Studio album by Mayday Parade
- Released: July 10, 2007
- Recorded: January–February 2007
- Studios: Tree Sound, Atlanta, Georgia
- Genres: Pop-punk; emo; alternative rock;
- Length: 46:42
- Label: Fearless
- Producers: Zack Odom; Kenneth Mount;

Mayday Parade chronology
| Tales Told by Dead Friends (2006) | A Lesson in Romantics (2007) | Anywhere but Here (2009) |

Singles from A Lesson in Romantics
- "When I Get Home, You're So Dead" Released: December 3, 2007; "Jamie All Over" Released: May 20, 2008;

= A Lesson in Romantics =

A Lesson in Romantics is the debut studio album by American rock band Mayday Parade. The band resulted from a merger of two separate bands, Kid Named Chicago and Defining Moment. The band released an EP, Tales Told by Dead Friends, in June 2006, which they sold to people by following the 2006 edition of Warped Tour and offering copies; it eventually sold 10,000 copies. The band signed to Fearless Records in August. A Lesson in Romantics was recorded in early 2007, with producers Zack Odom and Kenneth Mount. Vocalist/guitarist Jason Lancaster left the band in March 2007, citing a lack of writing credit on the band's releases. Prior to the release of A Lesson in Romantics, "Black Cat", "When I Get Home, You're So Dead", and "Jamie All Over" were made available for streaming.
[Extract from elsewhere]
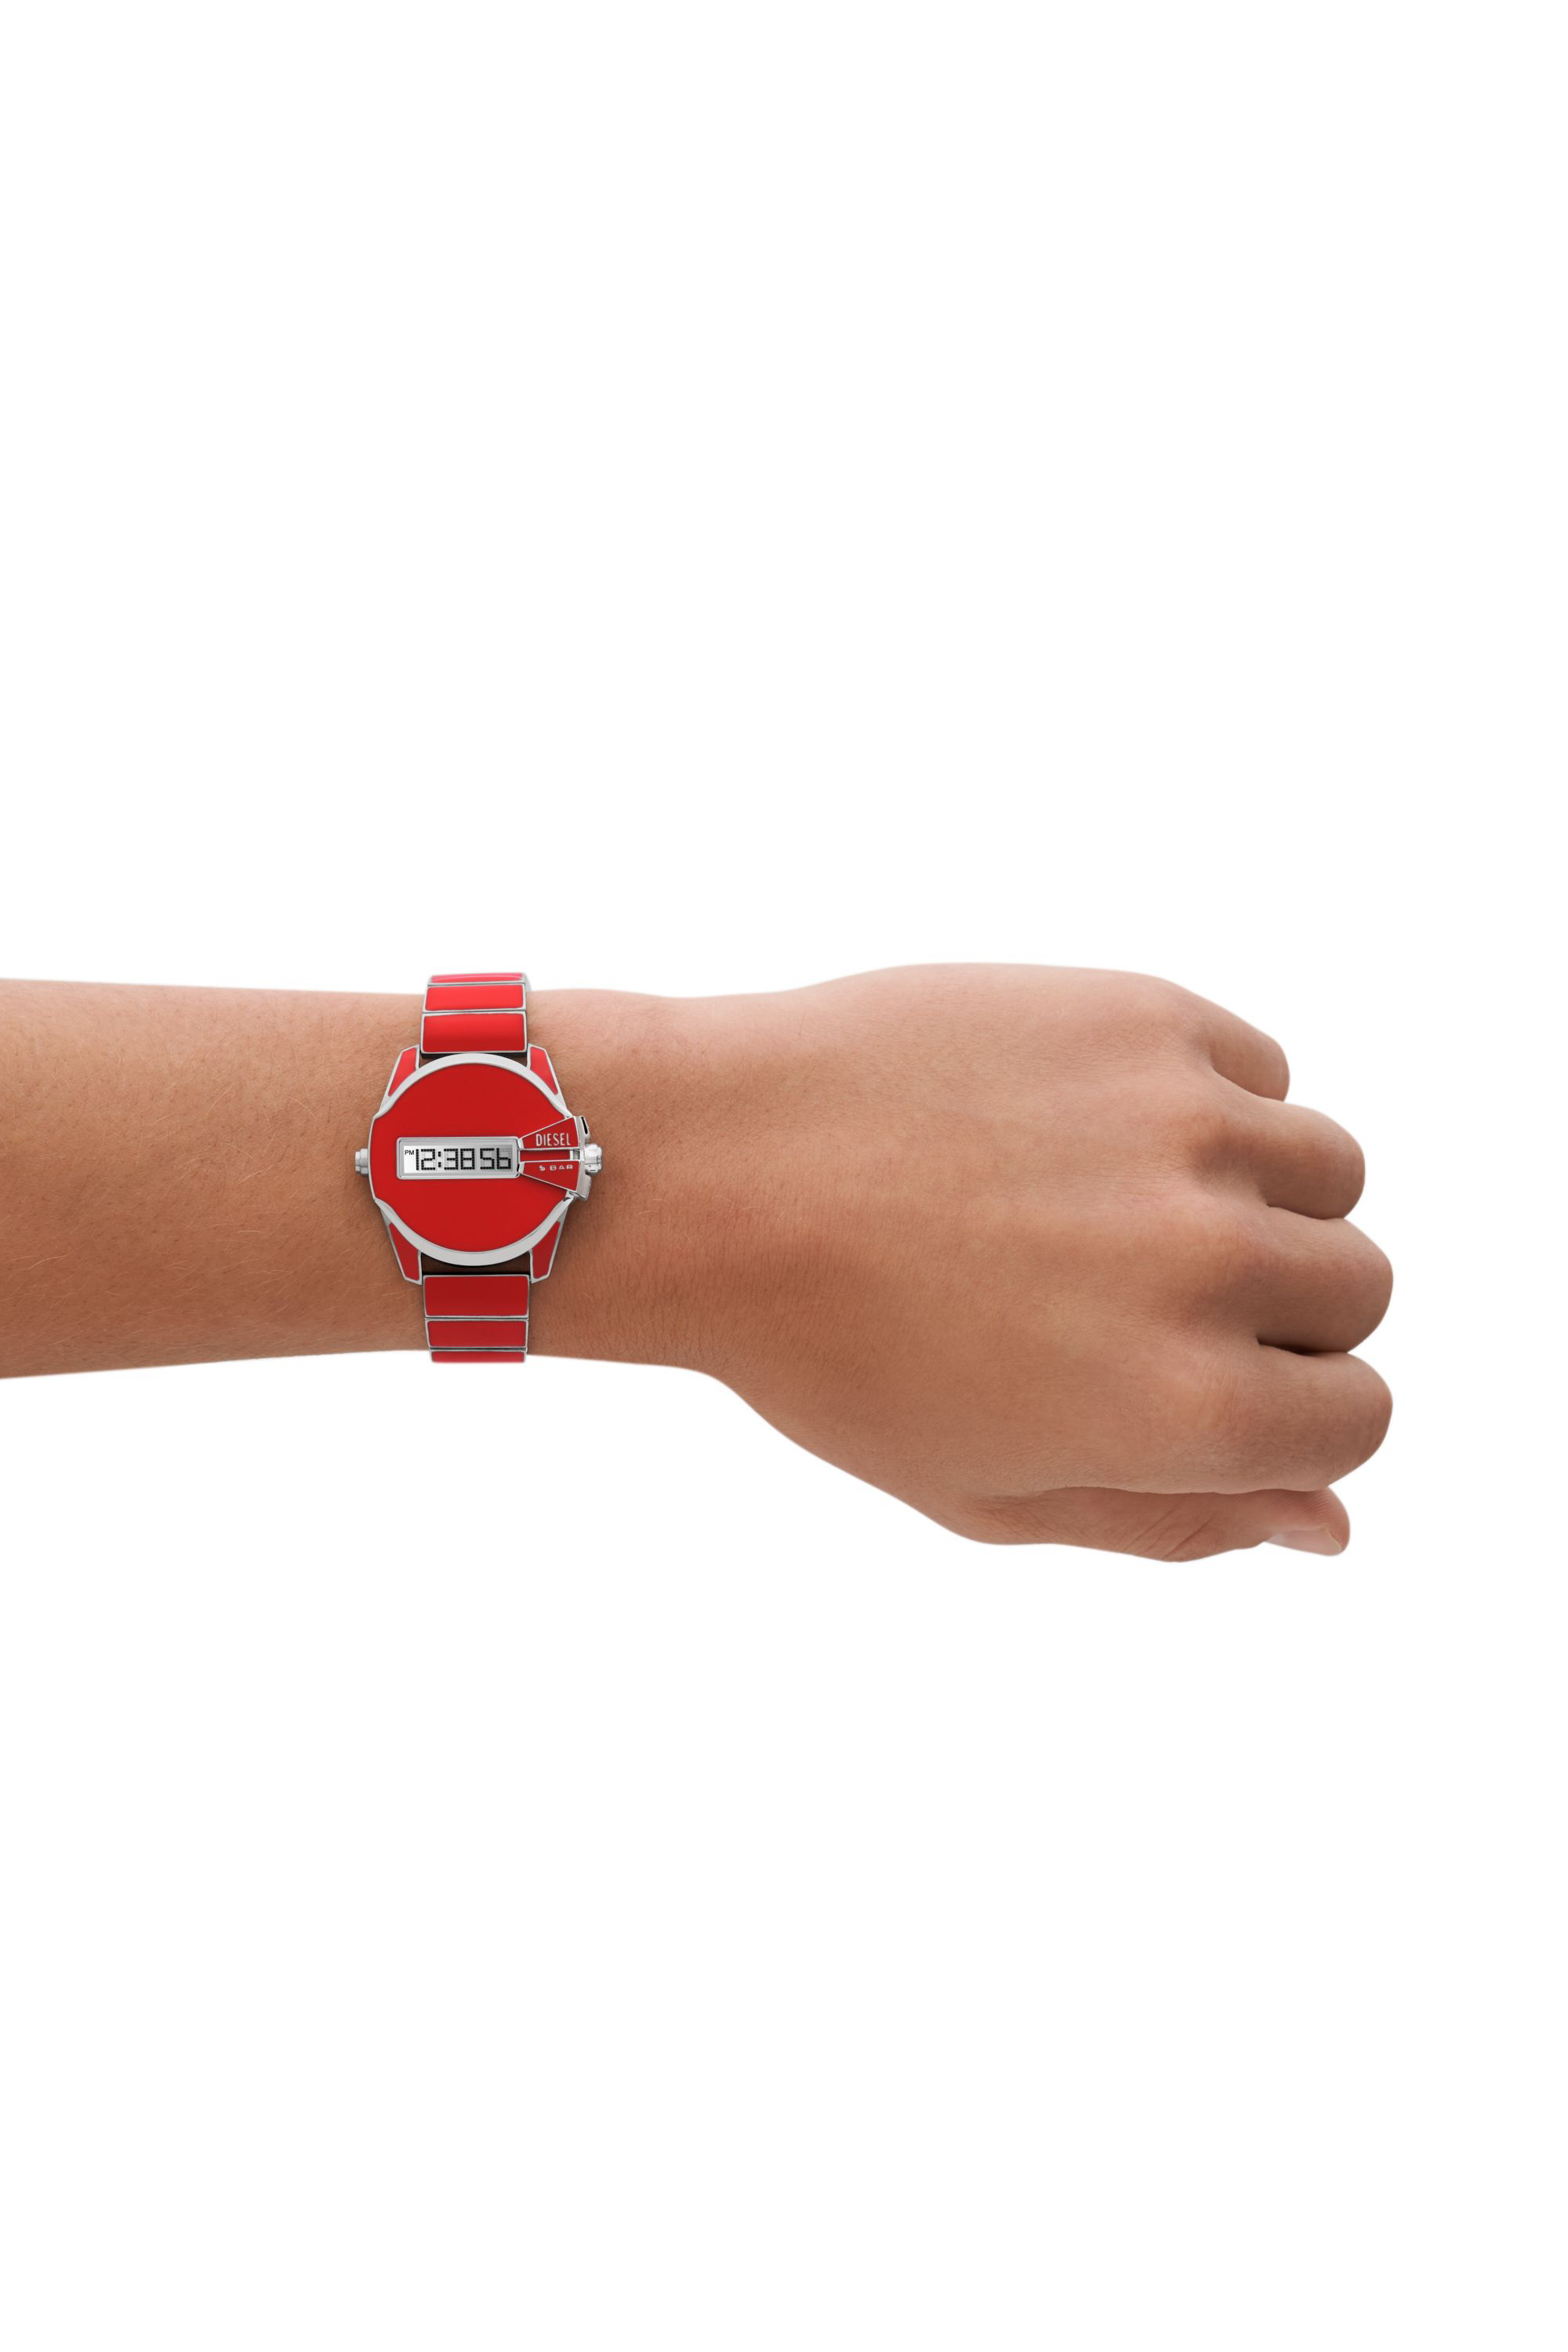 Diesel - DZ2192, Unisex Baby Chief Digital red enamel and stainless steel watch in Red - Image 5

After the album's release, the band participated in the 2007 edition of Warped Tour.

A Lesson in Romantics was released through Fearless on July 10. A music video for "When I Get Home, You're So Dead" was released in November, and the song was released as a single a month later. "Jamie All Over" was released as a single in May 2008 and a music video for the song was released two months later. The band then toured as part of the 2008 edition of Warped Tour. The music video for "When I Get Home, You're So Dead" earned two MTV Video Music Awards nominations in 2008. In January 2009, a music video was released for "Miserable at Best". A Lesson in Romantics is the band's most commercially successful release, eventually being certified gold by the Recording Industry Association of America. It was released on vinyl in November 2011. The album was featured on Rock Sounds 2014 list of the “51 Most Essential Pop Punk Albums of All Time”.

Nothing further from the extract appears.